Do you have to declare this as a business or is it something you can do on the side (obviously still pay tax on profits etc)?

Is it best to get a property manager on board, or do it yourself?

Just a couple to start with


----------



## organgrinder (Jan 20, 2008)

My wife is a property developer and I have a few who are clients.

The profit is made when you buy a property and not when you sell it! You need to be absolutely certain what work requires to be done on it and if possible should get a surveyor to look at it first. If you want to make a profit you need to manage it yourself and keep a very tight rein on the guys you have doing the work. You must know exactly how you want it to look like and also make sure that the tradesmen know what they have to do and how well they have to do it. Some shortcuts can be hidden but others just stand out and make the property difficult to sell. Do the work in the right order also because mistakes are very expensive to sort.

Be smart with your materials and get trade accounts set up at quality bathroom and kitchen outlets. Don't be afraid to use tiles on special discount from B&Q for example because they way they are fitted and the colours you use can make them look as though they cost 4 or 5 times as much. Even trade, tiles are expensive so buy carefully and spend your money on a good tiler.

In the current market, you should only buy in the best areas and the quality of your finish has to be very high. Repos are not doing too well at the moment for developers because there are few people wanting to buy and in general, repos are not in the best locations.

I have a few clients who are buying repos and doing them up to rent but none who are trying to sell on. The only properties making any kind of premium at the moment are those in absolute walk in condition in good areas - these types of property are still being fought over by a few buyers.

As for tax, if you buy the property with the intention of doing it up to sell it, you are classed as trading and should register with HMRC as self employed. You have to tell HMRC within 3 months of starting otherwise you will face a £100 fine.


----------



## Gary-360 (Apr 26, 2008)

Thanks for the info, especially on the tax issue.

Gary


----------



## mattsbmw (Jul 20, 2008)

As has already been said, planning is the key and not everything has to be really expensive, just make sure it id finished well.

If you are looking at a repo i would plan on renting it out.


----------



## Gary-360 (Apr 26, 2008)

I'm just back from viewing a recently "fumigated" repo, how the other half live eh....

It looks quite promising but there were about 12 people there at a block viewing.

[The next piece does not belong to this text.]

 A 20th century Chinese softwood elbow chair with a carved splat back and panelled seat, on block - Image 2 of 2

Good area on a main town outskirts, needing around 20k spent, but the average area price would net a substantial profit. I'm seriously considering submitting and offer for this one


----------



## lofty (Jun 19, 2007)

You would probably get away without registering as a Business if it was a one off project,although you will still have to pay capital gains on any profit over 10K.Make sure you factor in all the solictors costs for buying and selling and also estate agents cost.Do lots of homework on house prices in that area and get some quotes for the work that needs doing if you are unable to cost it yourself.If the figures stack up then go for it,it can be a good way to make money if you get your sums right.I'm in the process of doing the same thing myself and have done a few in the past.


----------



## a15cro (May 13, 2008)

I have done a couple of properties a few years ago and did not register as a business; however I am now at Ltd company specialising in Property management & maintenance and I can see the benefits of putting it through the books.

My projects allowed my to buy my current house at a really good deal, rip it to bits and make it our own.

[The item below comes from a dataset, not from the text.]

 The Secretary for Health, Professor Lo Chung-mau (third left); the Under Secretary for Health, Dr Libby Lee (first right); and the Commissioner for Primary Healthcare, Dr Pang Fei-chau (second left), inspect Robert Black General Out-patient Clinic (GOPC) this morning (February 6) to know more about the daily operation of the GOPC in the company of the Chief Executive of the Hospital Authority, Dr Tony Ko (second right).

Good luck mate, I got a real buzz from taking a wreck and turning it round.


----------



## Gary-360 (Apr 26, 2008)

I'm going to sleep on it and make a decision tomorrow. It's an "offers over" price so I'm just not sure how high to go with my own offer to secure it, knowing there is a lot of interest in the property.


----------



## a15cro (May 13, 2008)

We looked at one that went to sealed bids, loads of interest and viewers. You put your bid in and take a chance. We stuck to our budget and lost out.

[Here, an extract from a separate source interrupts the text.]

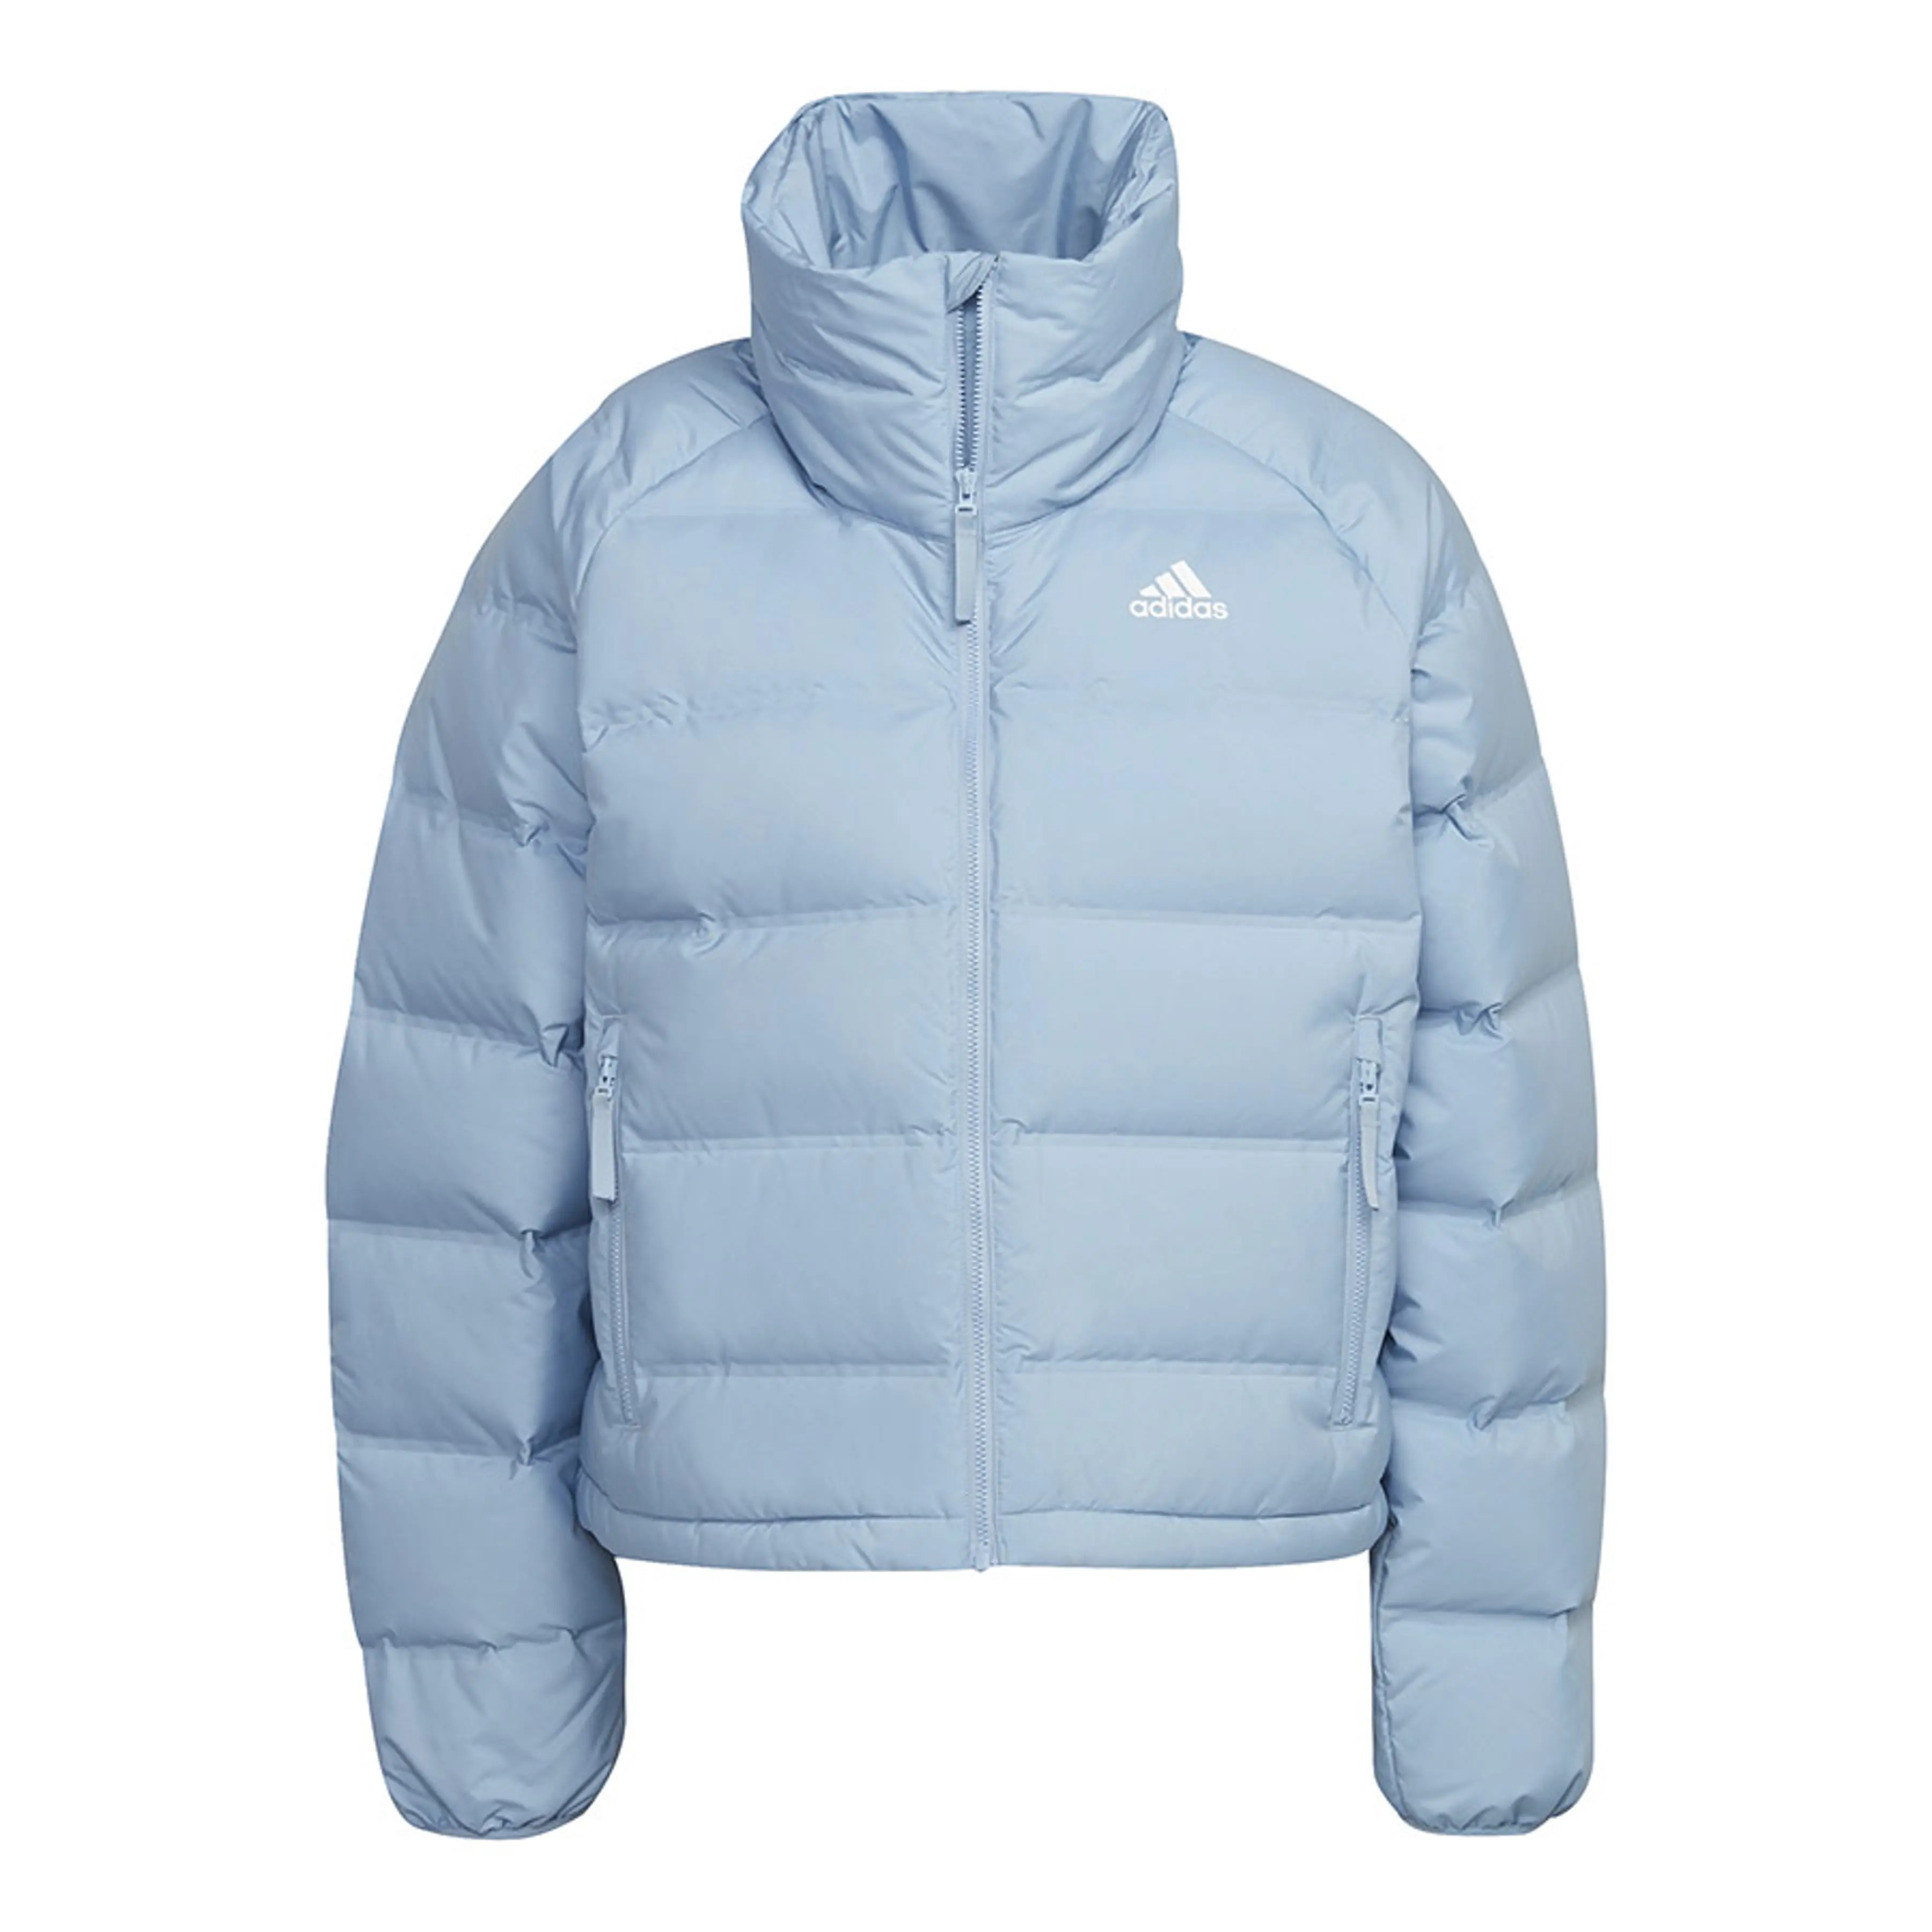 Adidas Women\'s Helionic Relaxed Fit eBay | Ambient Down Sky Puffer Jacket

remember, when one door closes another opens.


----------



## Gary-360 (Apr 26, 2008)

Can I ask what profit margin you guys aim for? This would give me a bidding guide.


----------



## organgrinder (Jan 20, 2008)

lofty said:


> You would probably get away without registering as a Business if it was a one off project,although you will still have to pay capital gains on any profit over 10K.


I can only say it as the law sees it: If the intention is to do it up and sell it, you are trading. If the intention is to do it up, rent it out and treat it as an investment but then you decide to sell, it could be treated under capital gains tax if you have a good reason.

If you do two or more properties and treat them as capital gains tax disposals you will almost certainly be challenged and under the new enquiry rules are unlikely to get a penalty of less than 40% if HMRC consider you to be trading. Remember that if you sell the property you have to do a tax return and put the sale in the capital gains tax pages, even if the gain is less than £10k, so the whole thing becomes visible. If you conceal it and don't do a tax return, the penalty could be up to 100% of the tax due.

I don't want to scare monger but decide what your intention is and do it right.

As for profit, I would be looking for 15% and wouldn't touch it if it looked less than 10%: there are just too many things that can and do go wrong that eat into your budgeted profit. Don't forget to budget for all your legal, estate agent and advertising costs plus the hidden costs such as Stamp Duty and Council Tax.


----------